- Born: 2 October 1953 Uganda
- Died: 10 September 2021 (aged 67) Nairobi, Kenya
- Burial place: Nkoowe, Wakiso District
- Citizenship: Uganda
- Occupations: Businessman and entrepreneur
- Notable work: My story of building a fortune in Africa
- Title: Chairman of the BMK Group of Companies

= Bulaimu Muwanga Kibirige =

Ugandan businessman and entrepreneur (1953–2021)

Bulaimu Muwanga Kibirige (2 October 1953 – 10 September 2021), commonly known as BMK, was a Ugandan businessman, entrepreneur, and hotel owner. According to a 2012 published report, he was one of the wealthiest people in Uganda.

==Background==
The 14 year old school drop out Bulayimu Muwanga kivumbi started to work in his father's restaurant in Masaka before starting his trading related works. He opened up some trading outlets in Kampala, Nairobi, Bangkok and Thailand between 1973 and 1976.
Hailing from Matanga in Buddu County, Masaka District, in 1986 he started a general trade and manufacturing company.
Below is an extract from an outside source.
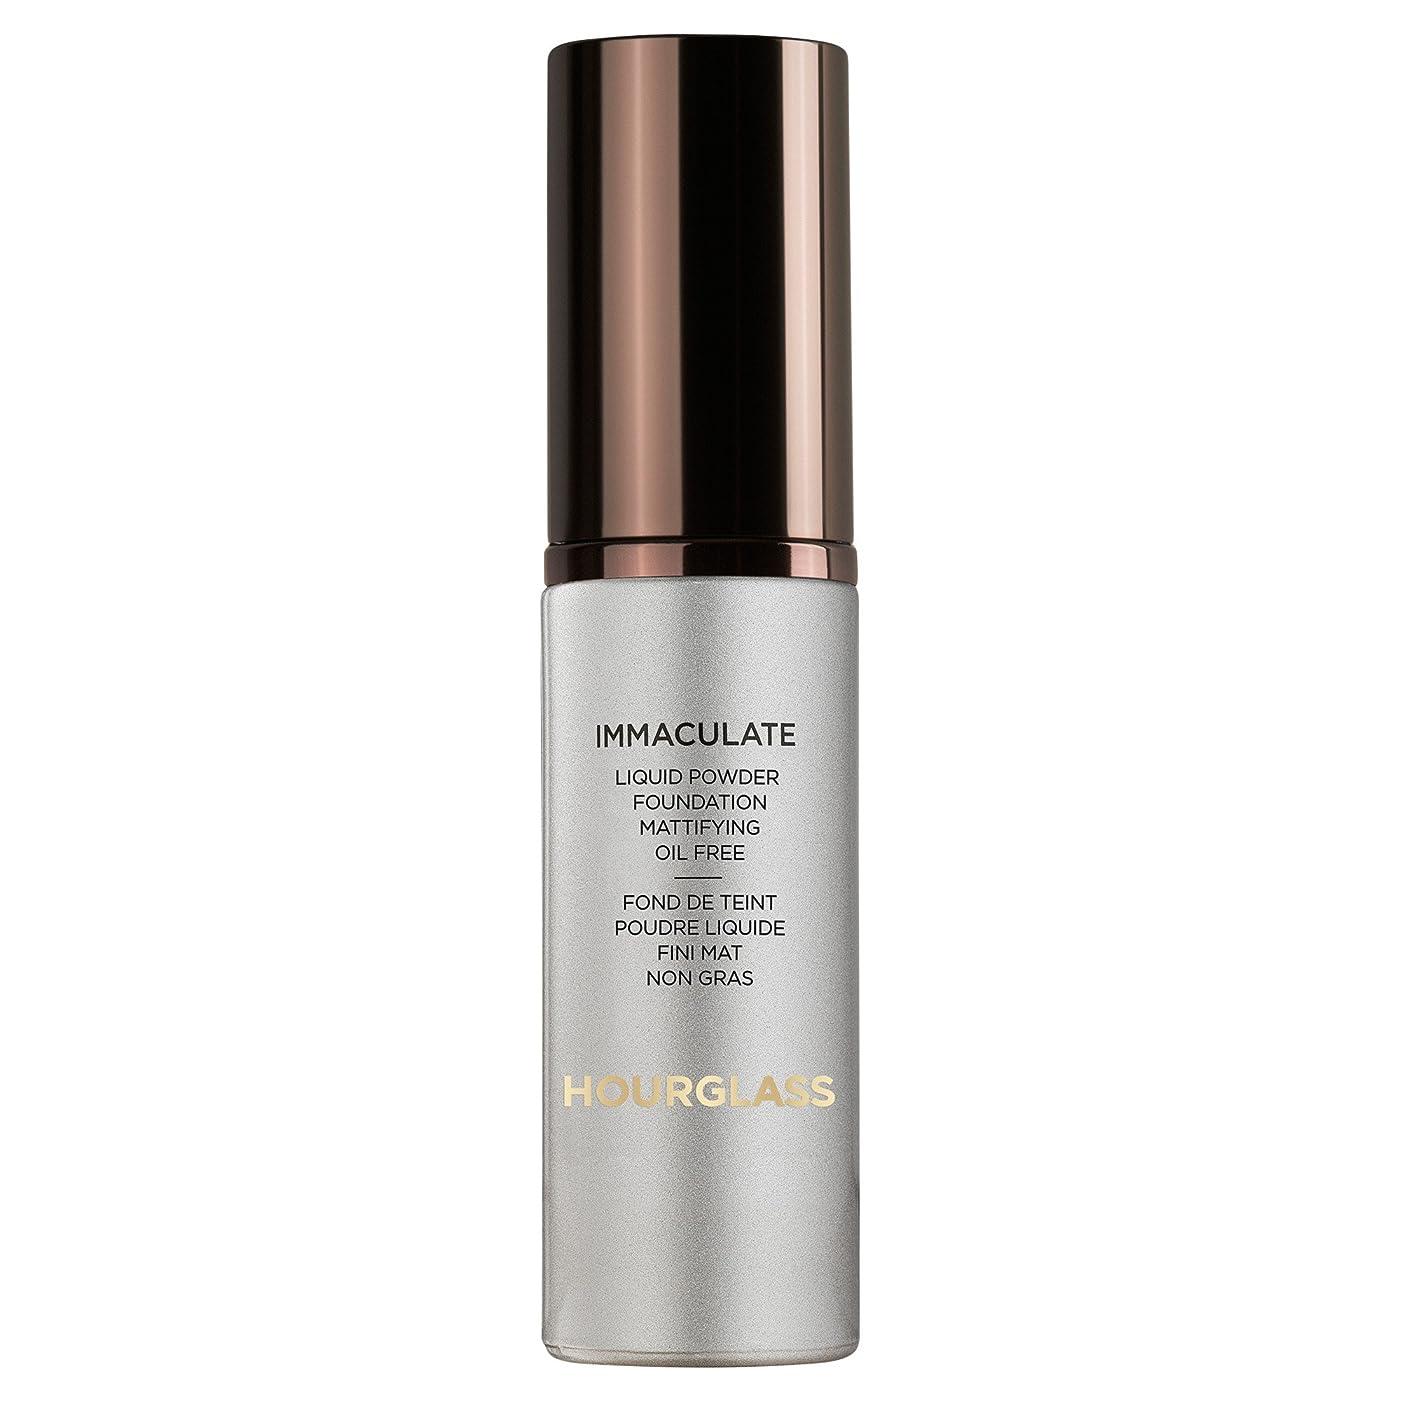 言い直す定規ピューヌード砂時計真っ白な液体パウダーファンデーション (Hourglass) - Hourglass Immaculate Liquid Powder Foundation Nude [並行輸入品]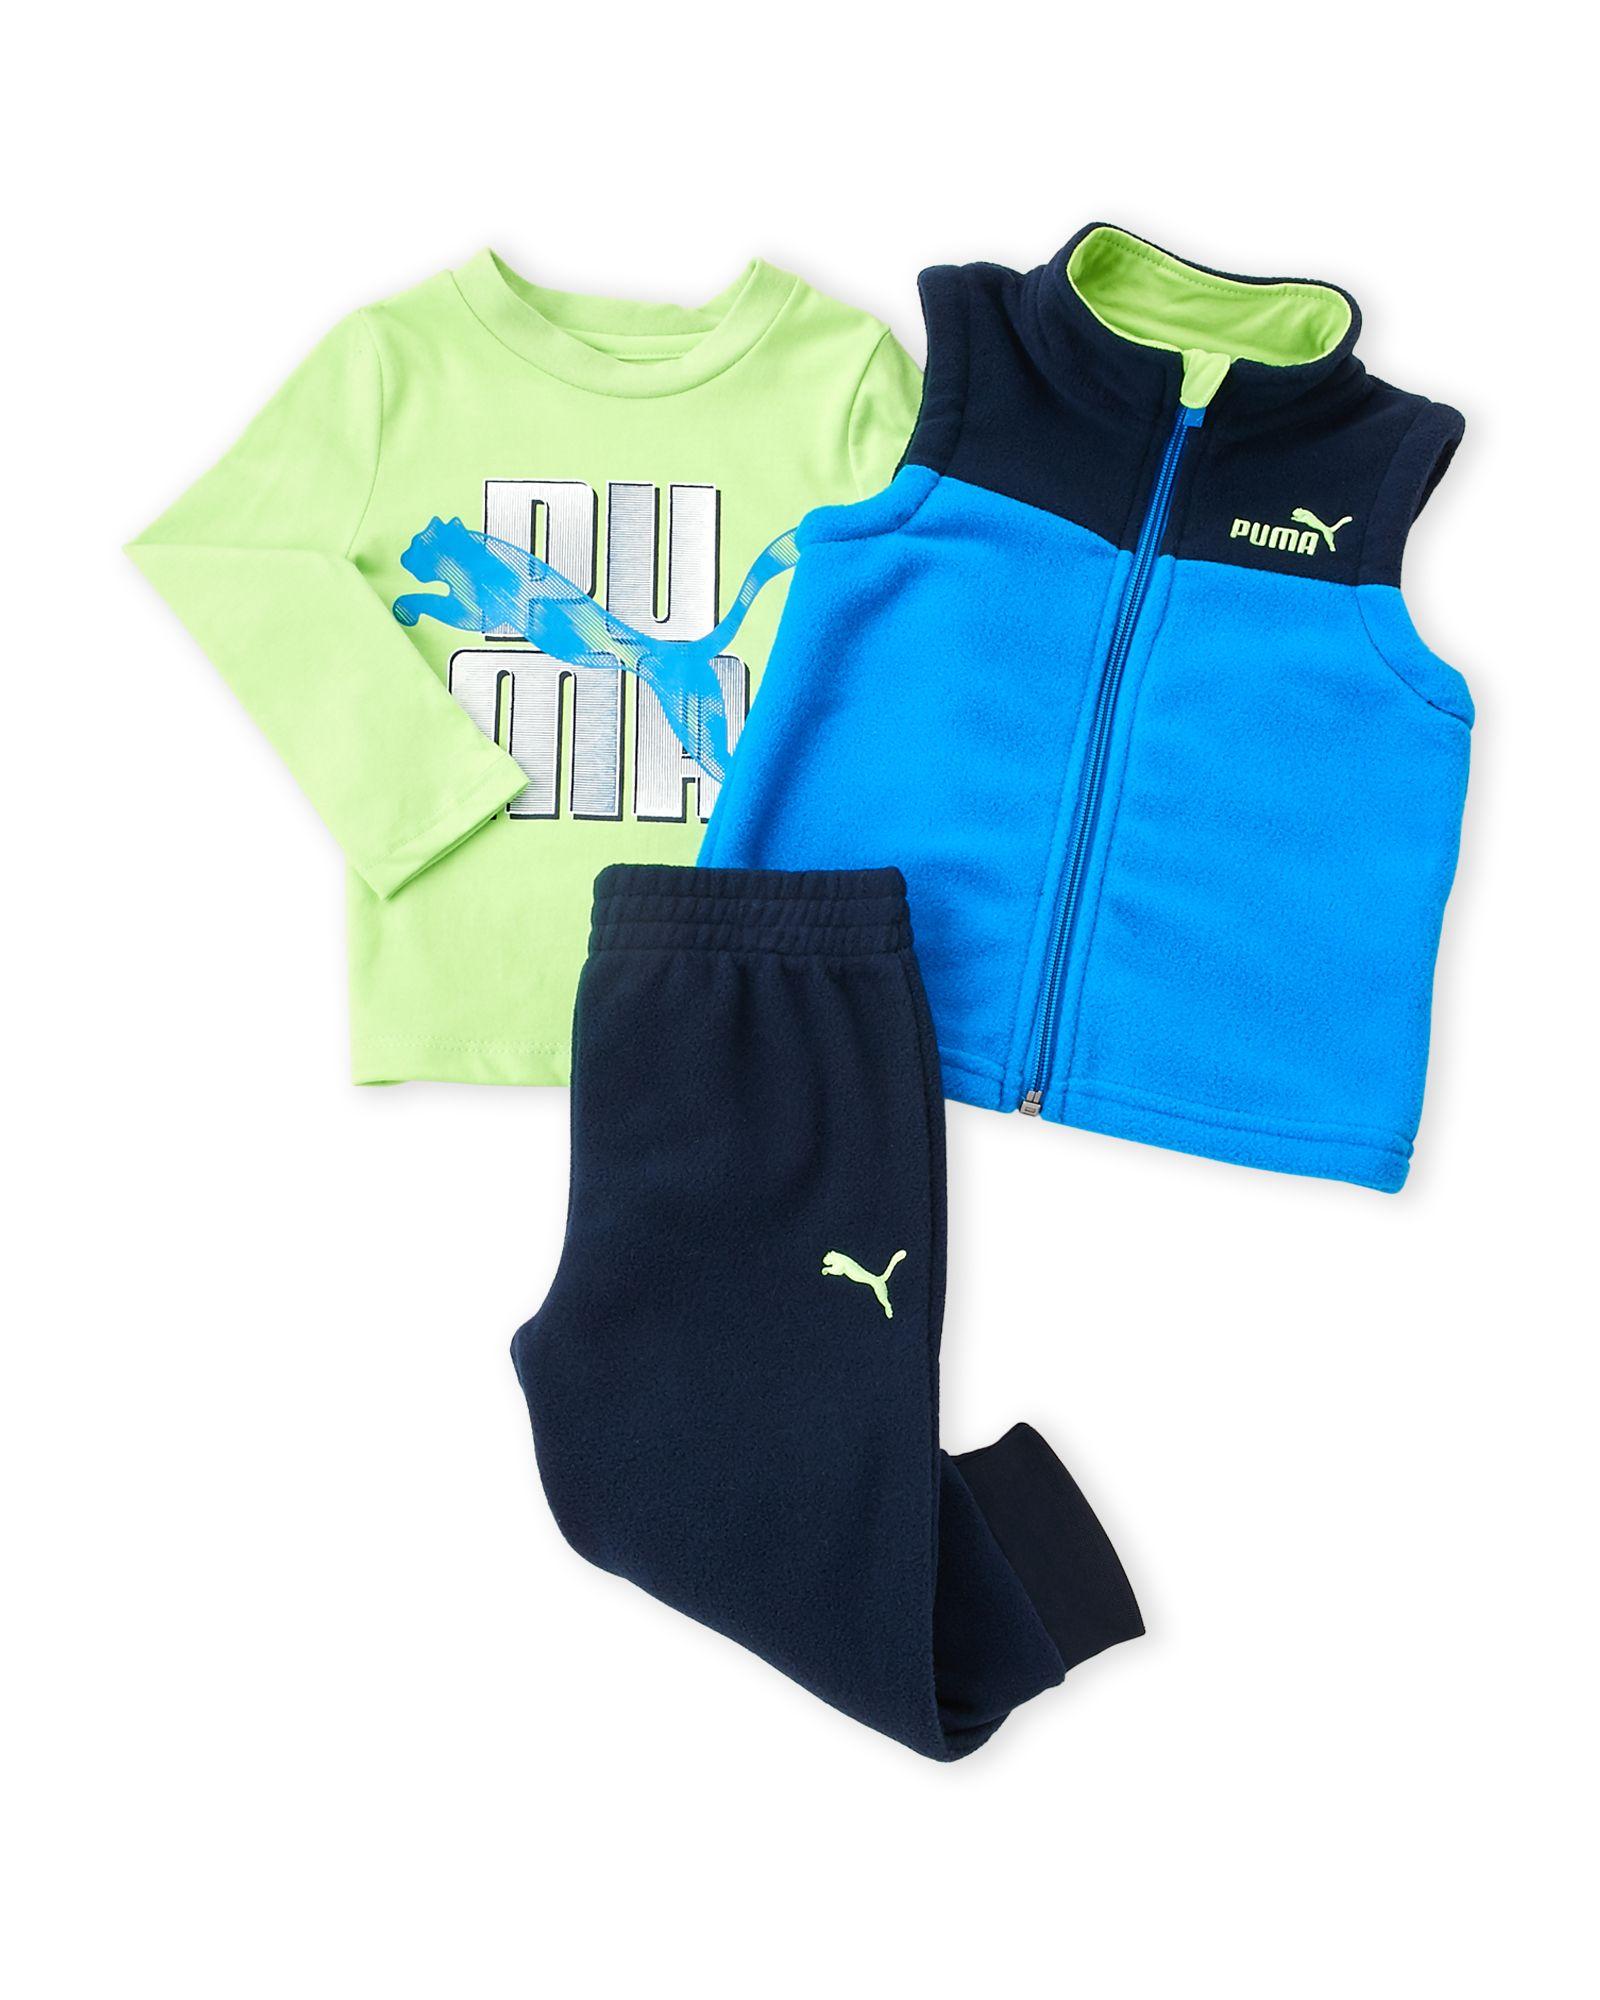 Puma Infant Boys 3 Piece Fleece Vest & Pants Set

He was known for his investments in real estate, construction equipments, motorcycle distributorships and foreign exchange bureaus across East and Central Africa.
BMK is the brain behind boda-boda rides in Uganda - a transport mechanism that was used mostly at the border of Uganda and Kenya. He later began their export direct from Japan starting the boda boda culture.
In 1997, BMK started with the 40-room motel Hotel Africana, on Kololo Hill, located in Kampala's central business district. Over the next decade, the hotel grew into a four-star establishment.

==Business interests==
BMK was the chairman and managing director of the BMK Group of companies, whose member businesses include:

1. Hotel Africana Kampala, 2-4 Wampewo Avenue, Kololo Hill, Kampala, Uganda

2. Hotel Africana Moroto, Moroto City, Uganda

3. Hotel Africana Lusaka, Lusaka, Zambia

4. BMK Motorcycles (U) Limited, Nateete, Kampala, Uganda

5. BMK Motorcycles (K) Limited, Nairobi, Kenya

6. BMK Motorcycles (T) Limited, Dar es Salaam, Tanzania

7. BMK Motorcycles (R) Limited, Kigali, Rwanda

8. BMK Motorcycles (Z) Limited, Lusaka, Zambia

9. Hotel Africana Forex Bureau 1, 2-4 Wampewo Avenue, Kampala, Uganda

10. Hotel Africana Forex Bureau 2, 16-18 William Street, Kampala, Uganda

11. BMK Construction Leasing Company, Kigali, Rwanda

12. BMK Oil Equipment Company, Kampala, Uganda

==Other responsibilities==
BMK served in the following public positions:

1. Chairman of the Uganda Hotel Owners Association

2. Board member of the Ugandan North American Association (UNAA)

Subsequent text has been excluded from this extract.